I love apple cake, and up until this year I never had success making it taste right.  I tried different recipes and even got a new Bundt pan, but it always tasted like my oil had gone rancid (even with a brand new bottle).  Come to find out, I just don't like the taste of baked goods with vegetable/canola oil and I'm really glad I tried it again, substituting coconut oil.  There's enough spice in there to mask any coconut flavor, and I have substituted some of the oil from the original recipe with applesauce so it's not as heavy. It's based on this cake recipe and -- I kid you not -- 14 apple cake recipes in my high school band cookbook (#applecountry), and this glaze recipe.

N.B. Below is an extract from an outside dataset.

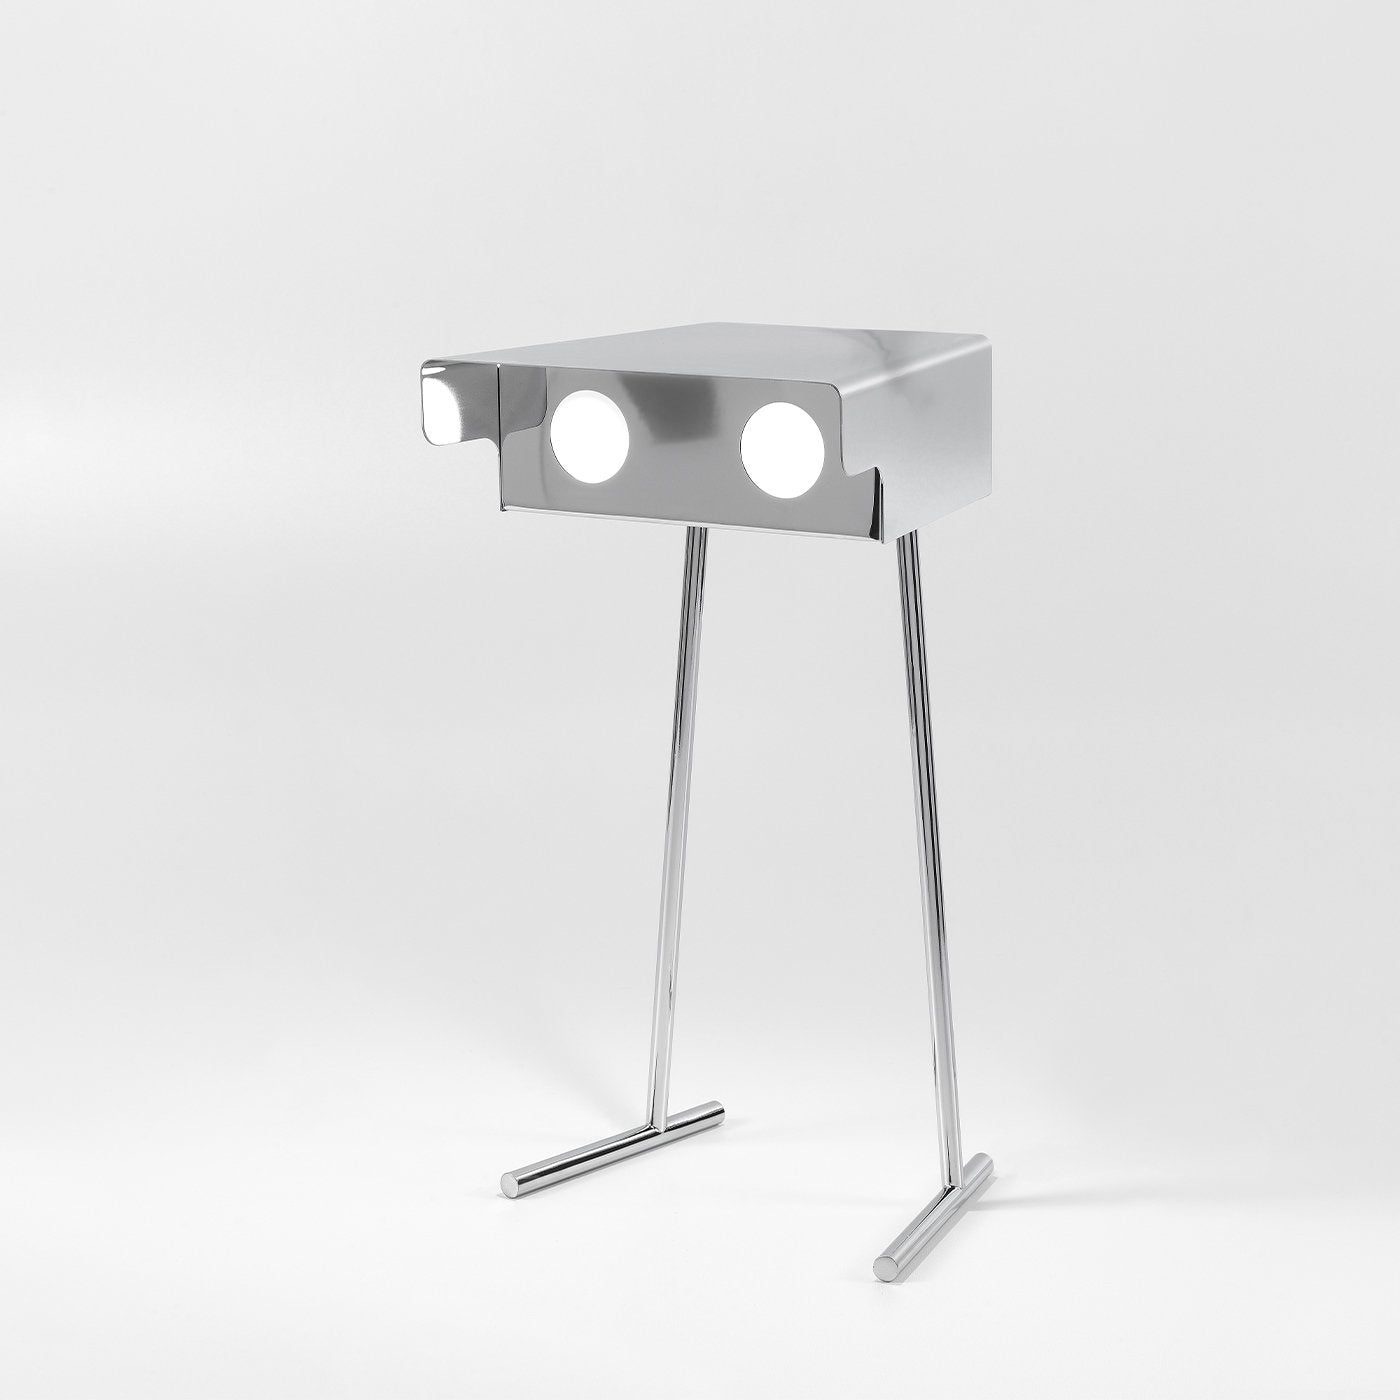 Betoo Table Lamp by Richard Hutten - Alternative view 3
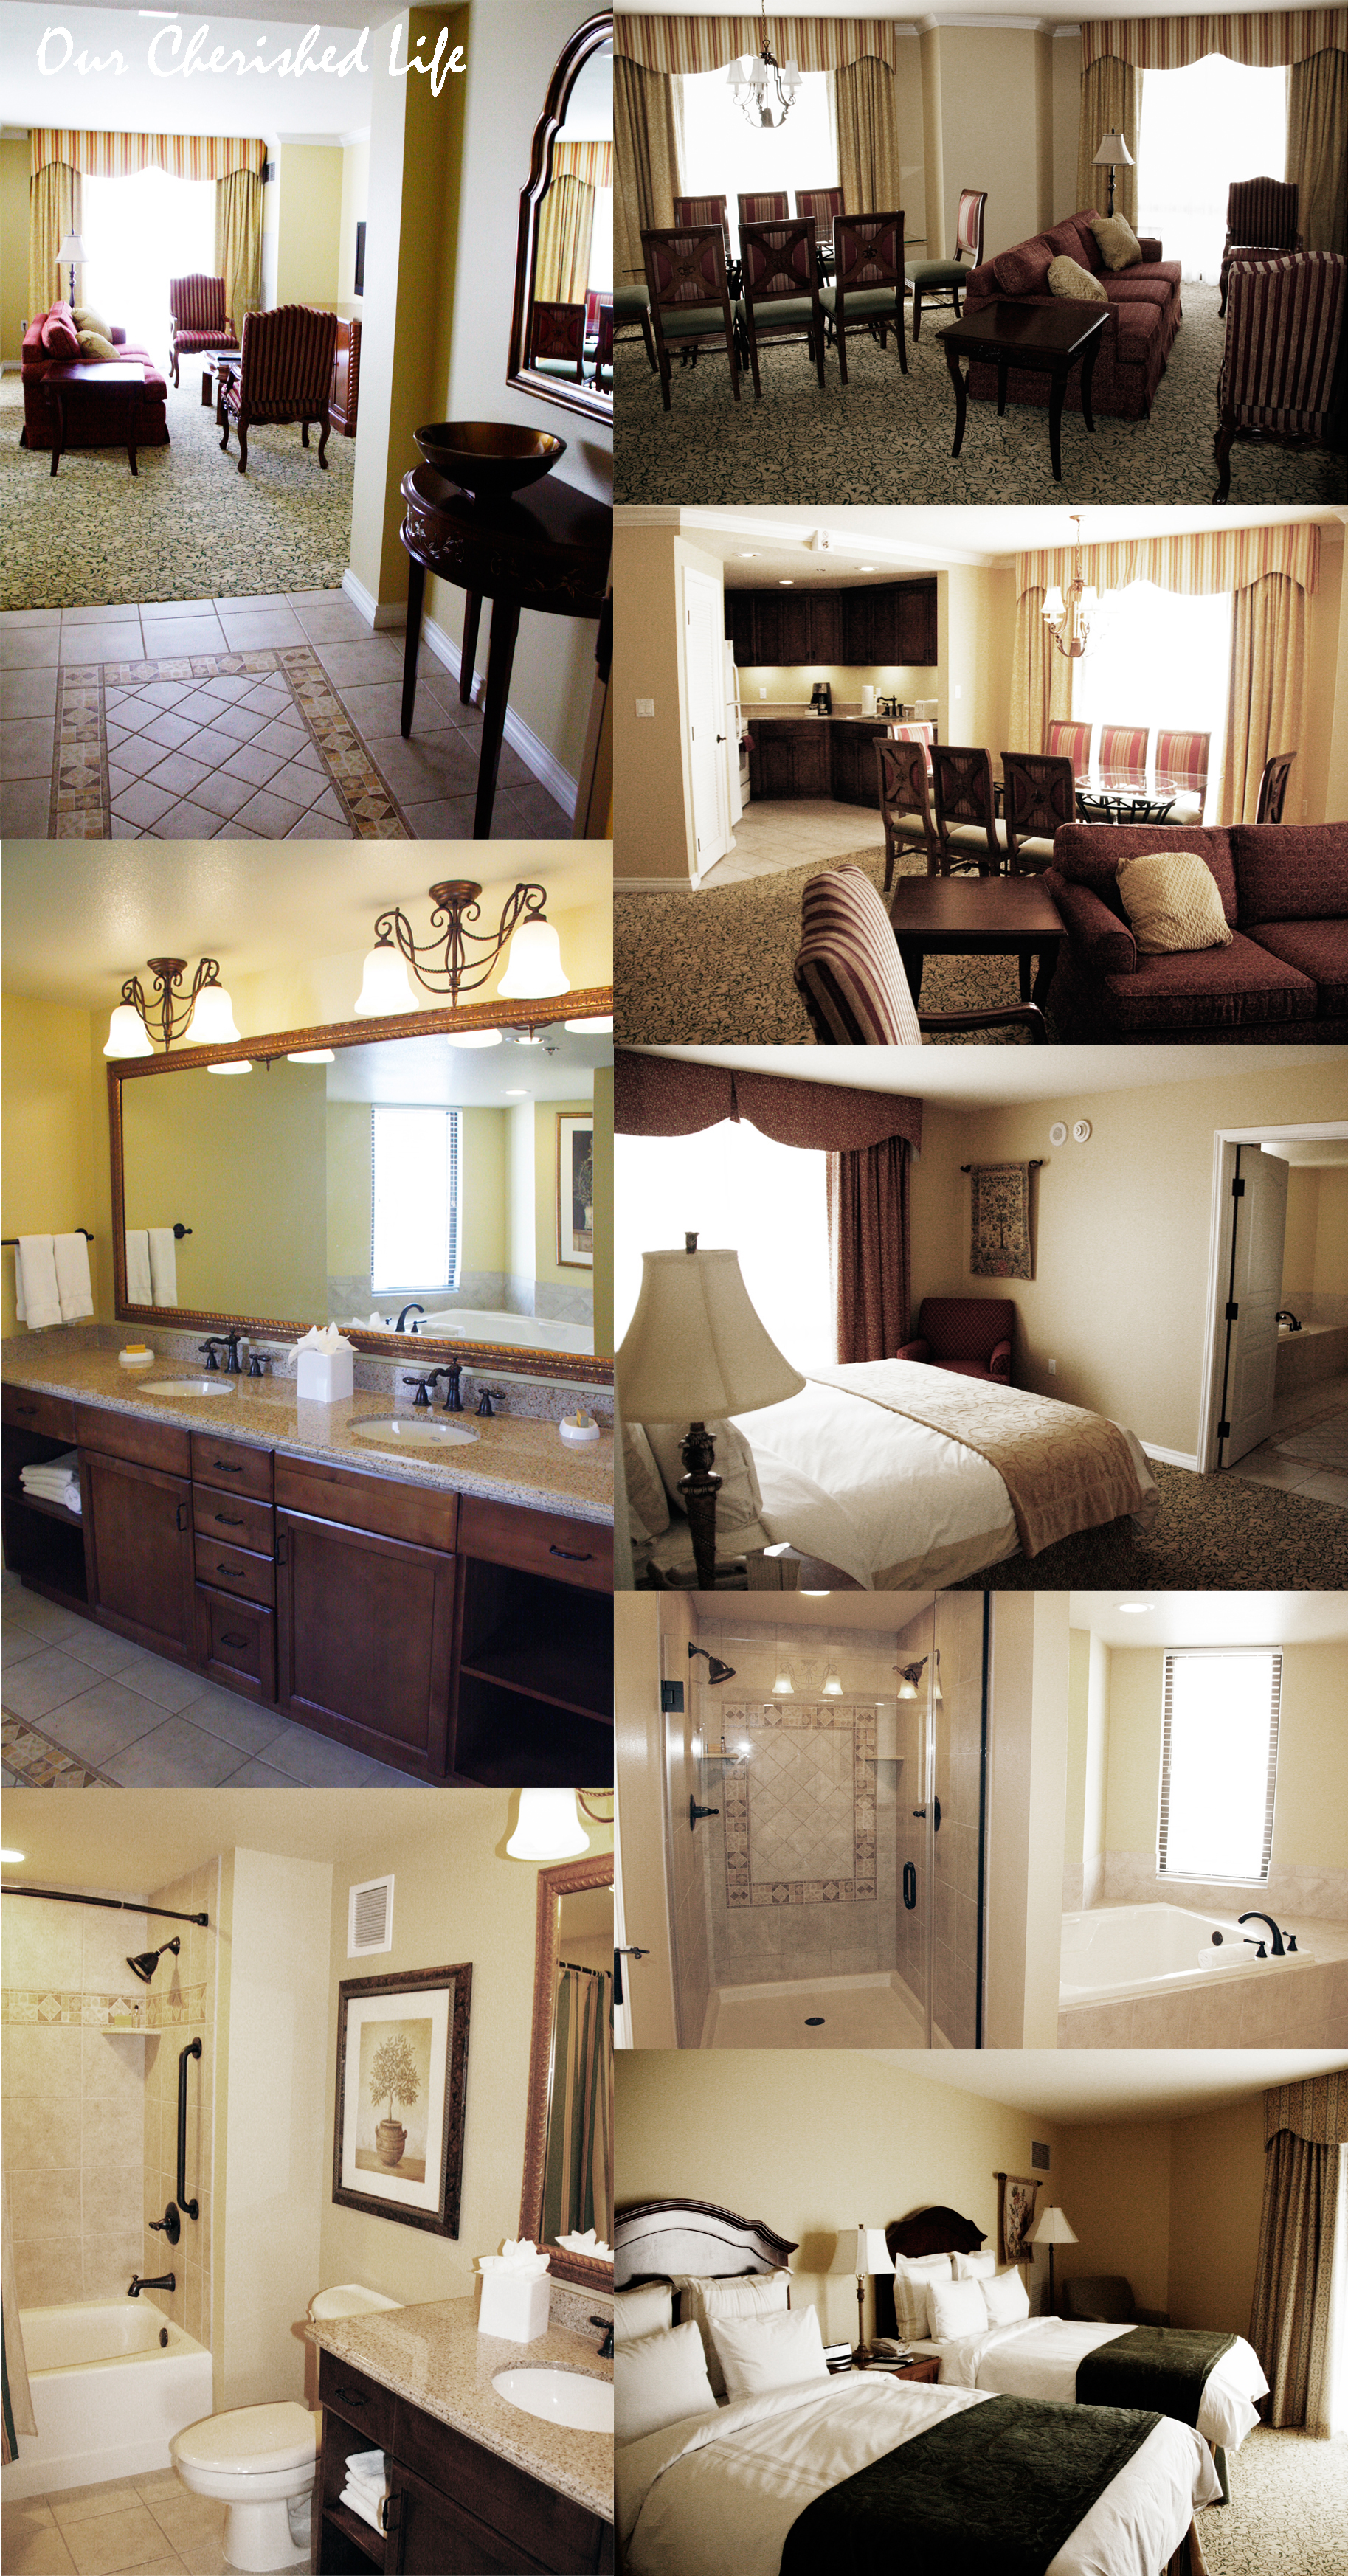 3 bedroom room tour Las Vegas Marriott's Grand Chateau

Apple Cake with Bourbon Brown Sugar Glaze

Ingredients 

For the Cake: 
2 teaspoons ground cinnamon
3 Granny Smith apples (3-4 cups diced)
2 cups all-purpose flour
1 cup whole wheat flour
1 teaspoon baking soda
1 teaspoon salt
2 cups sugar
¾ cup applesauce (I use cinnamon)
½ cup coconut oil (preferably the liquid kind)
2 teaspoons vanilla extract
3 eggs

For the Glaze:
¾ cup packed brown sugar
1½ Tablespoons bourbon
½ cup butter
2 Tablespoons light corn syrup
⅛ teaspoon salt
⅓ cup heavy cream
⅛ teaspoon vanilla extract
1¼ cups powdered sugar, sifted

Directions

  1. Preheat the oven to 350 degrees F. Lightly grease a Bundt pan or tube pan.
  2. Use an apple peeler/corer/slicer and further cut down the slices with a knife, or leave the skins on and dice the apples with a knife. 
  3. In a bowl, mix together the cinnamon and apples. 
  4. In a separate bowl, sift together the flours, baking soda, and salt.
  5. Using an electric mixer, beat the sugar, applesauce, oil, vanilla, and eggs in a large bowl. Add in the dry ingredients and mix until combined. Fold in the apple mixture with a rubber spatula.
  6. Scrape the batter into the prepared pan and bake for 50-60 minutes, or until a tester inserted into the middle of the cake comes out clean.  
  7. Allow the cake to fully cool in the pan, then turn wrestle it out onto a plate. 
  8. For the glaze, combine the brown sugar, bourbon, butter, corn syrup and salt in a saucepan. Cook over medium heat until the sugar has dissolved. Add the cream, raise the heat to high, and boil for 1 minute, stirring constantly. After 1 minute remove the pan from the heat and the vanilla and then the powdered sugar. (I sift mine right into the pan). Stir vigorously to make the mixture as smooth as possible.
  9. Let the glaze cool in a 2-cup Pyrex measuring cup for 20 minutes. Then give it a stir before you pour it slowly along the top of the cake so that it drips down both sides. Enjoy!